Irish Water debacle: Veto vote is the price for water tax

Any sober assessment of the water debacle, any assessment of our response to the sharpening imperative to change how we regard this essential but finite gift, any assessment of whose needs prevailed during the establishment of the feather-bedded monopoly, or any assessment of the economics of water provision in 2014 must cause any rational person to wonder if we are capable of honest self-appraisal.

Irish Water debacle: Veto vote is the price for water tax

What should have been a benchmark project, a proud standard-bearer for a new and up-to-speed, post-Celtic Tiger Ireland has instead become a Darby O’Gill farce. One that even if it is not populated by O’Gill’s Little People is tragically characterised by small, short-term thinking on all sides.

It is hard to know which side of the debate provokes the greater despair.

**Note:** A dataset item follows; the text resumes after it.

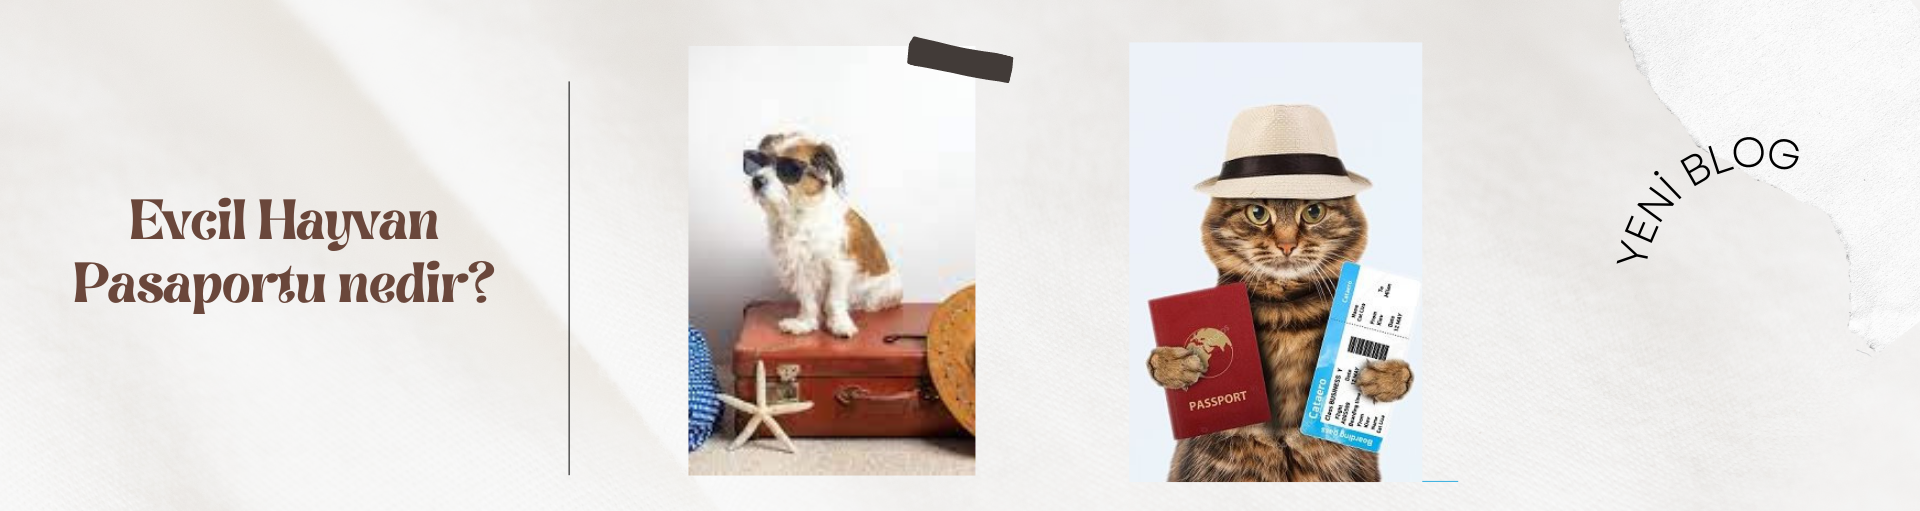 Evcil Hayvan Pasaportu: Dünyanın Dört Bir Yanındaki Patili Arkadaşların Seyahat Bileti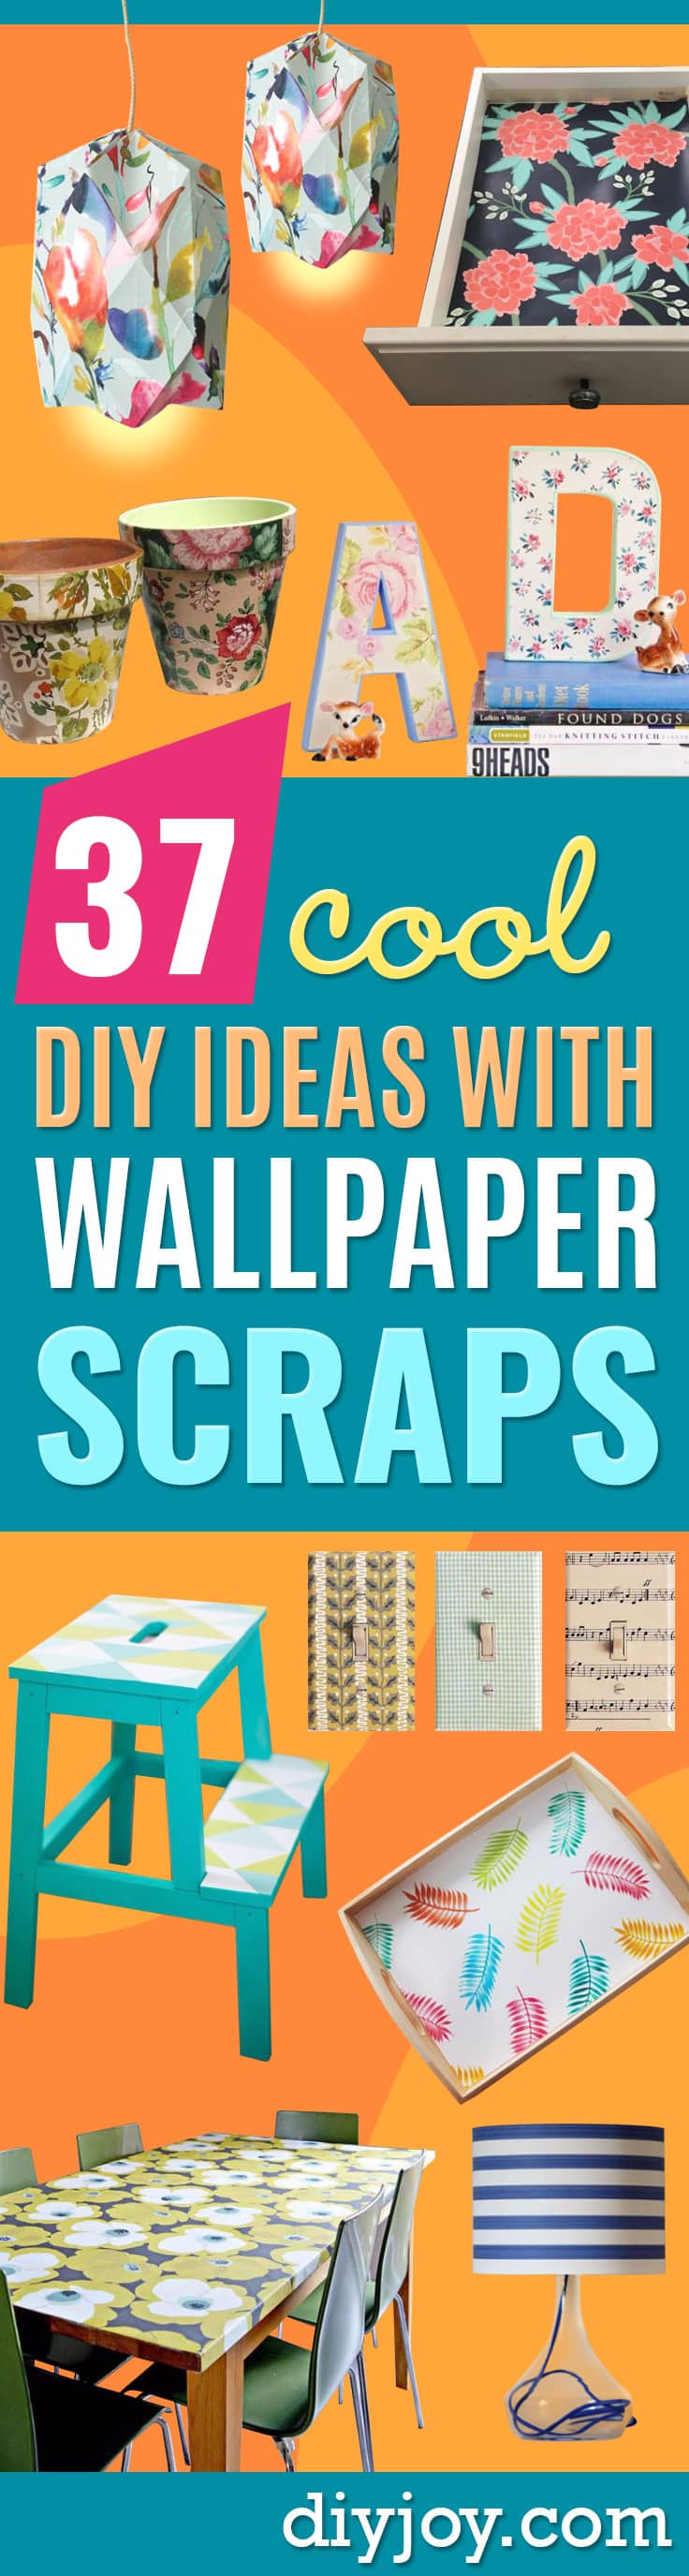 37 Diy Ideas With Wallpaper Scraps HD Wallpapers Download Free Images Wallpaper [wallpaper981.blogspot.com]

The Government parties railroaded through a project with the tender touch of its chief architect — Phil Hogan, who, in a very Irish way, now enjoys what can only be described as a pat-on-the-back trophy job in Brussels as if he had delivered an efficient entity we can all admire. That commissioner Hogan’s model is being completely remade asks a lot of pretty obvious questions that will never be answered, especially by those who, like Darby O’Gill’s Little People, nodded approvingly as Mr Hogan insisted that his way was the best — and only — way to equitably fund secure water provision.